Data items
··········
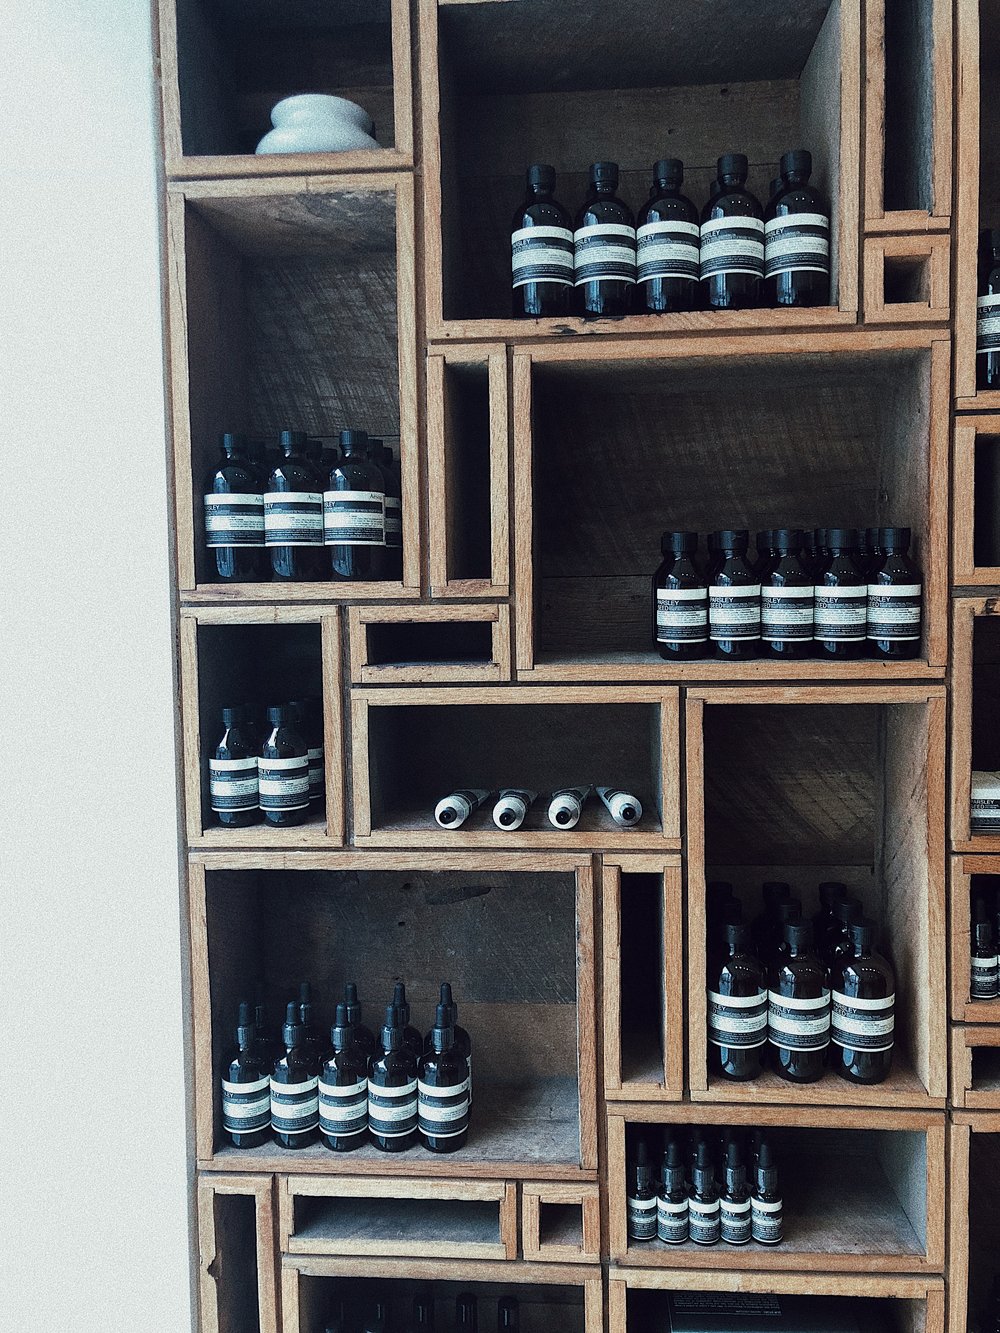  Aesop in Soho was also a stop with Nico. We're all about quality skincare, am I right? 
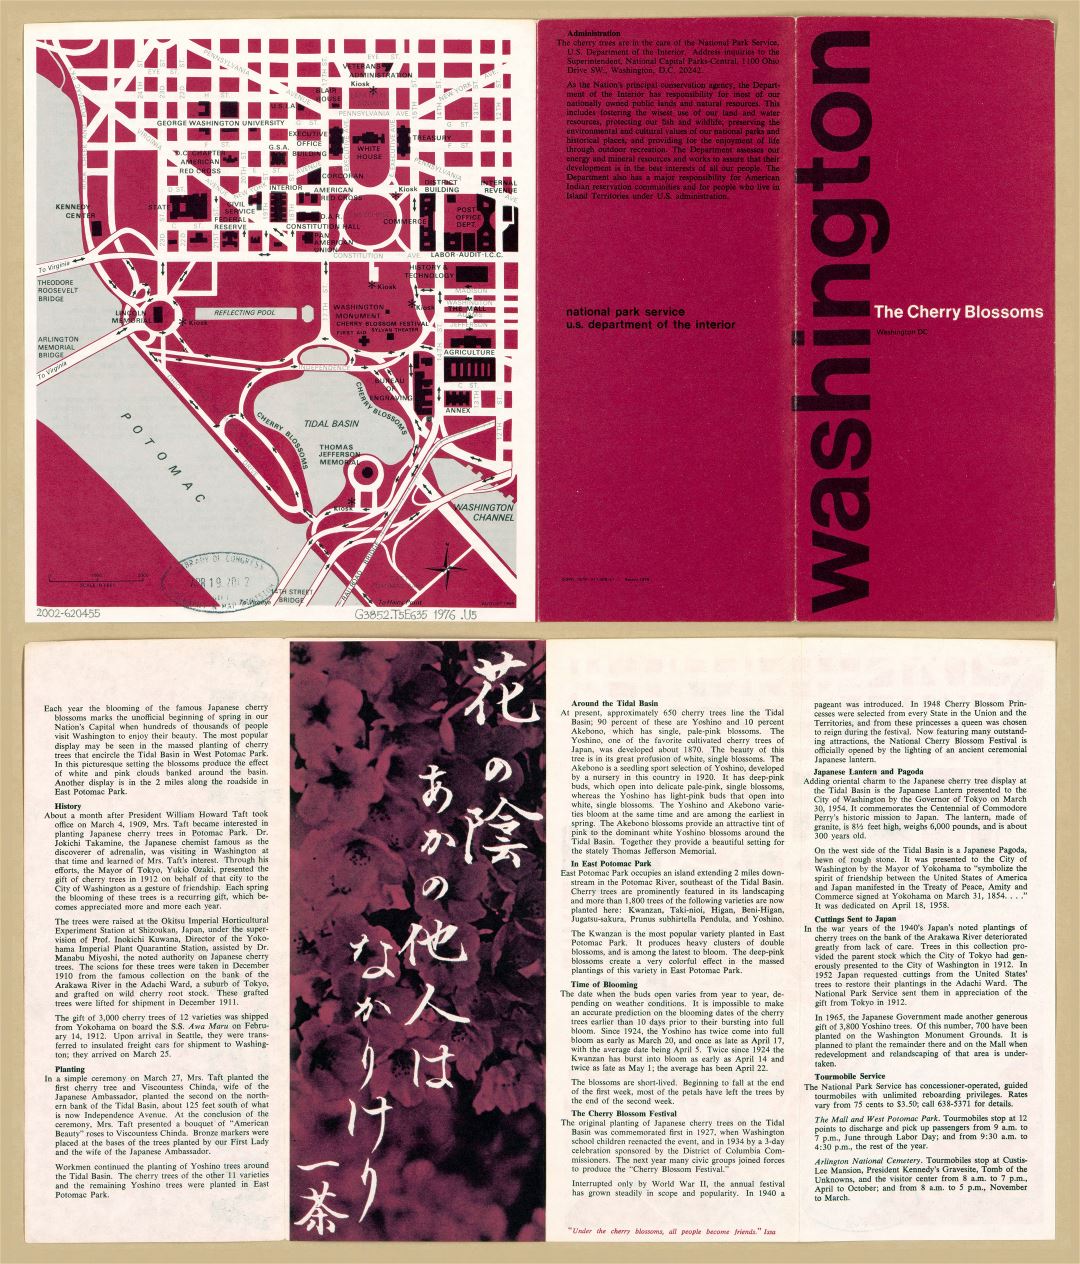 Large scale map of Washington the Cherry Blossoms - 1976
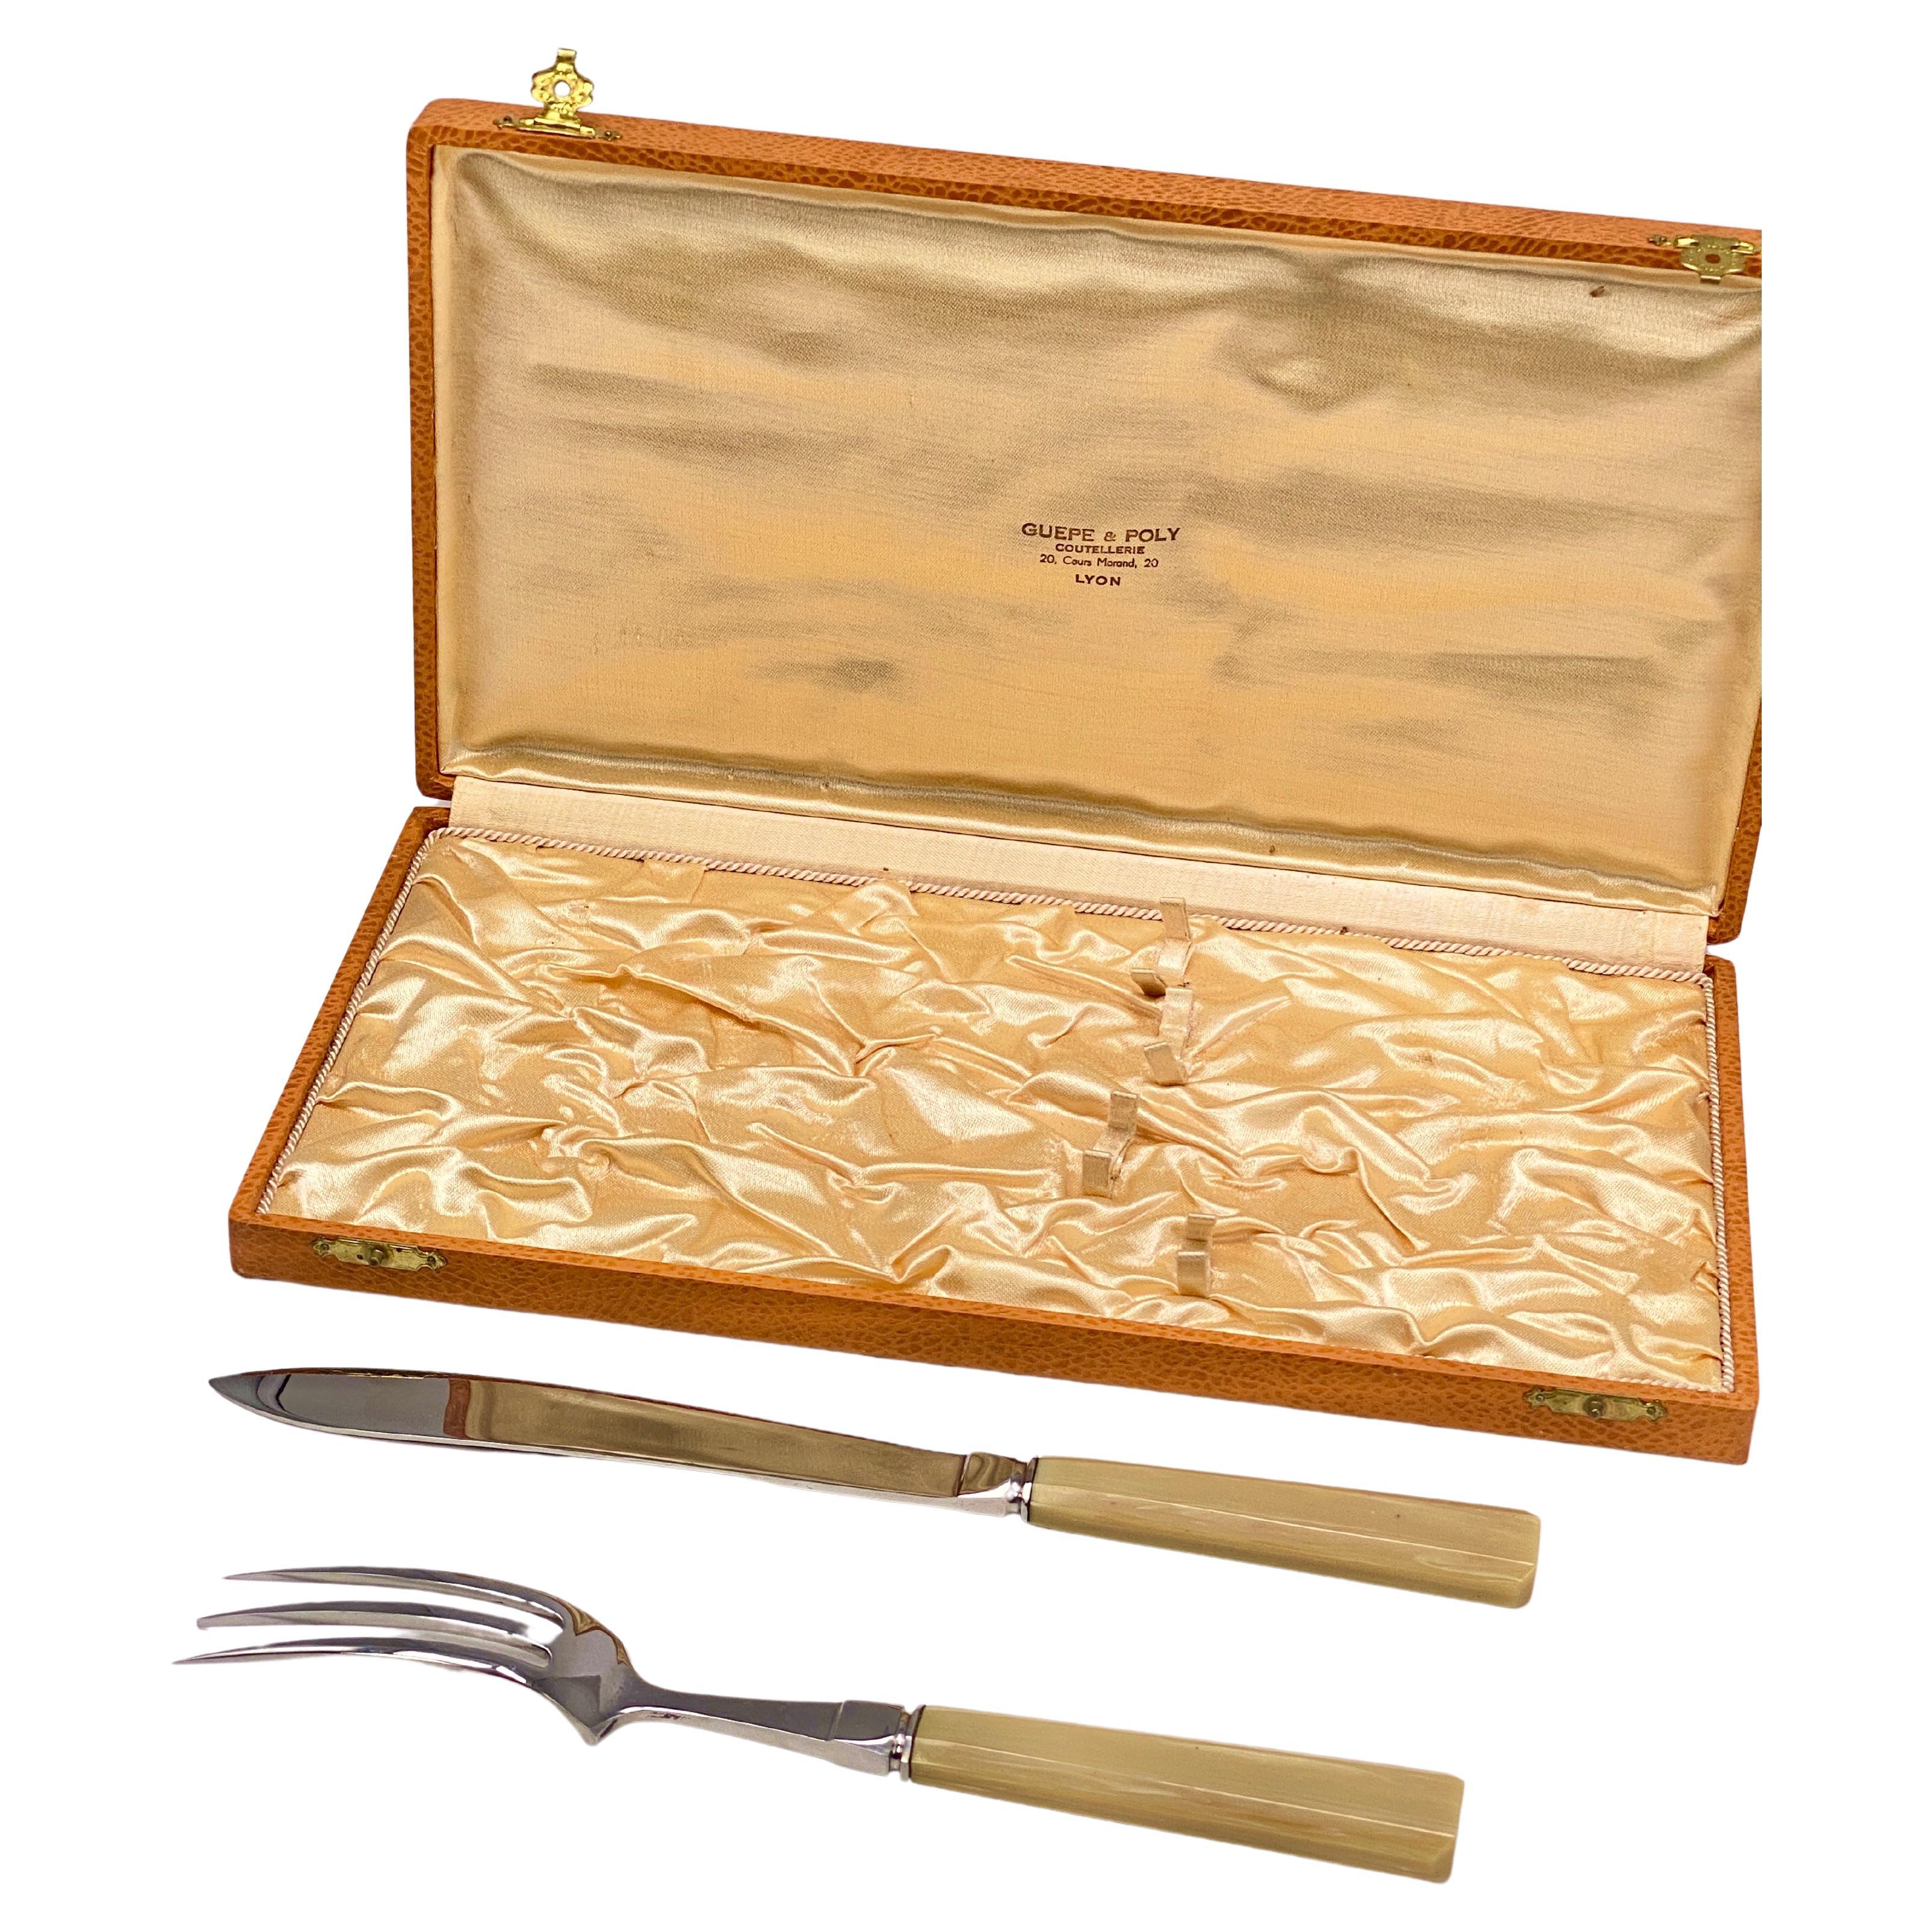 Goldsmith lamb cutlery by Guepe & Poly, France 1970, Fork and Knife 2 pieces
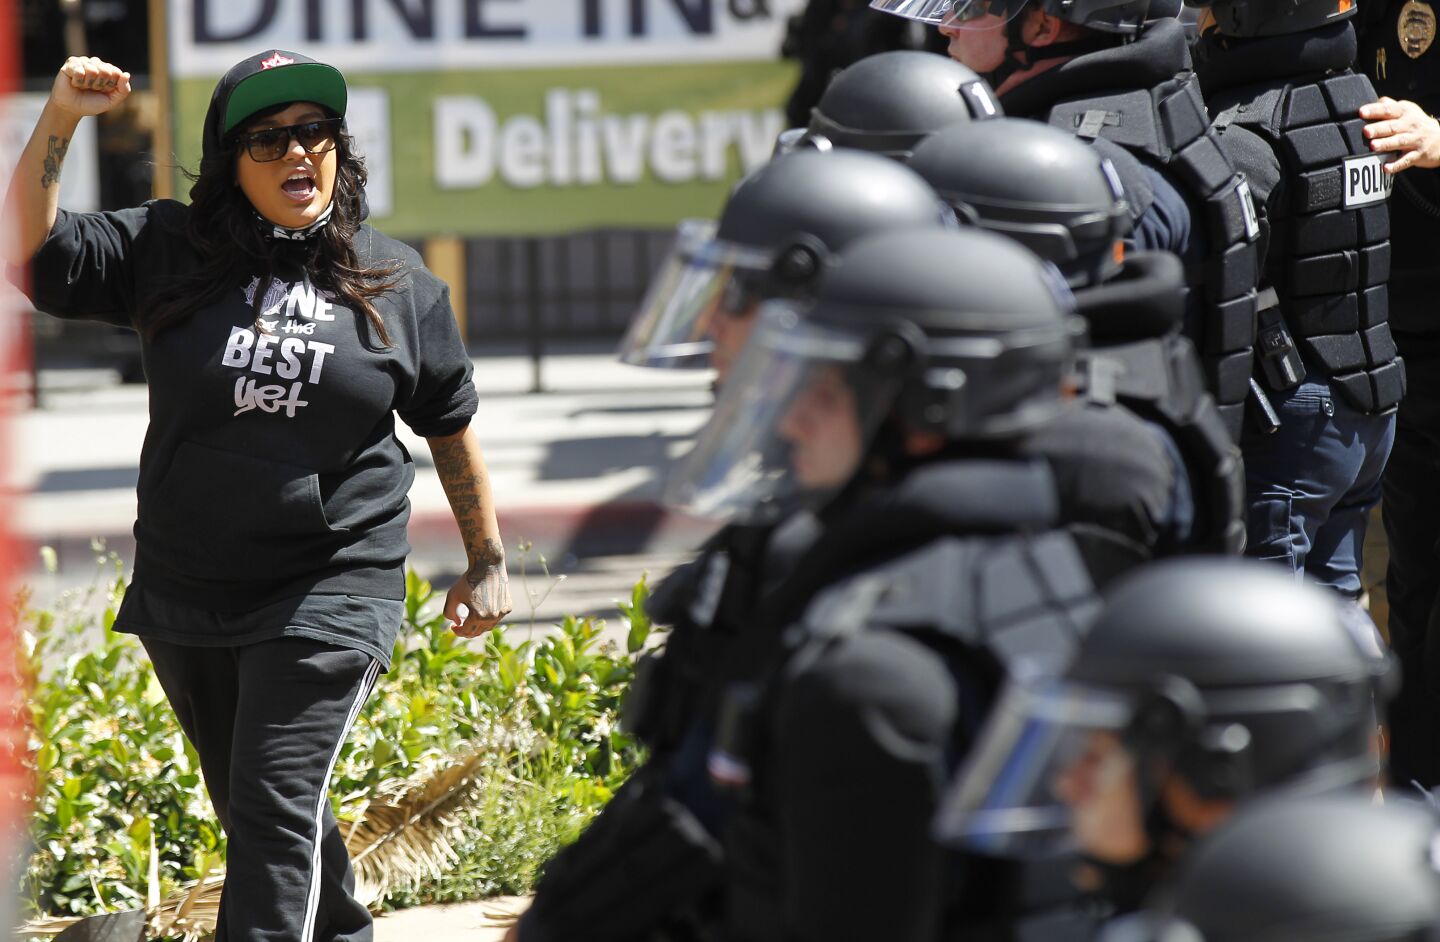 A protester yells at San Diego police in downtown San Diego on May 31, 2020. The group was protesting the death of George Floyd.
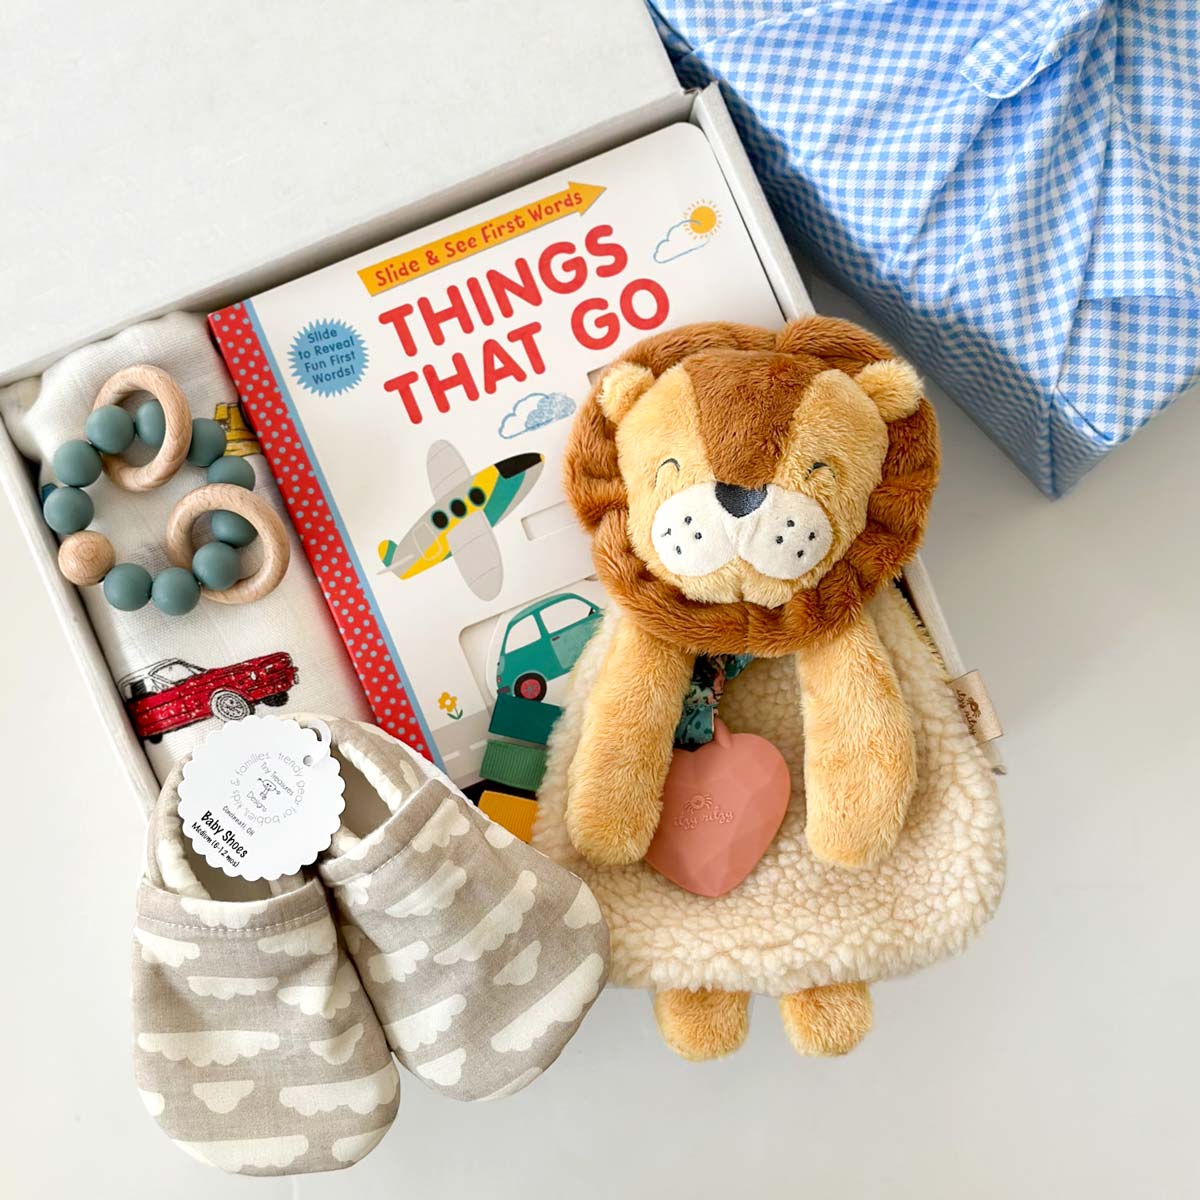 kadoo baby boy gifts things that go, include board book, lion plush, baby shoes, swaddle, teether &amp; more.
··········
**Activity**. A clean copy is needed of the lines above from the one with "Large scale map" up to and including the one with "A protester yells". Please set it down exactly, with no pictures.

**Answer space**.
 Large scale map of Washington the Cherry Blossoms - 1976
 Goldsmith lamb cutlery by Guepe & Poly, France 1970, Fork and Knife 2 pieces
 A protester yells at San Diego police in downtown San Diego on May 31, 2020. The group was protesting the death of George Floyd.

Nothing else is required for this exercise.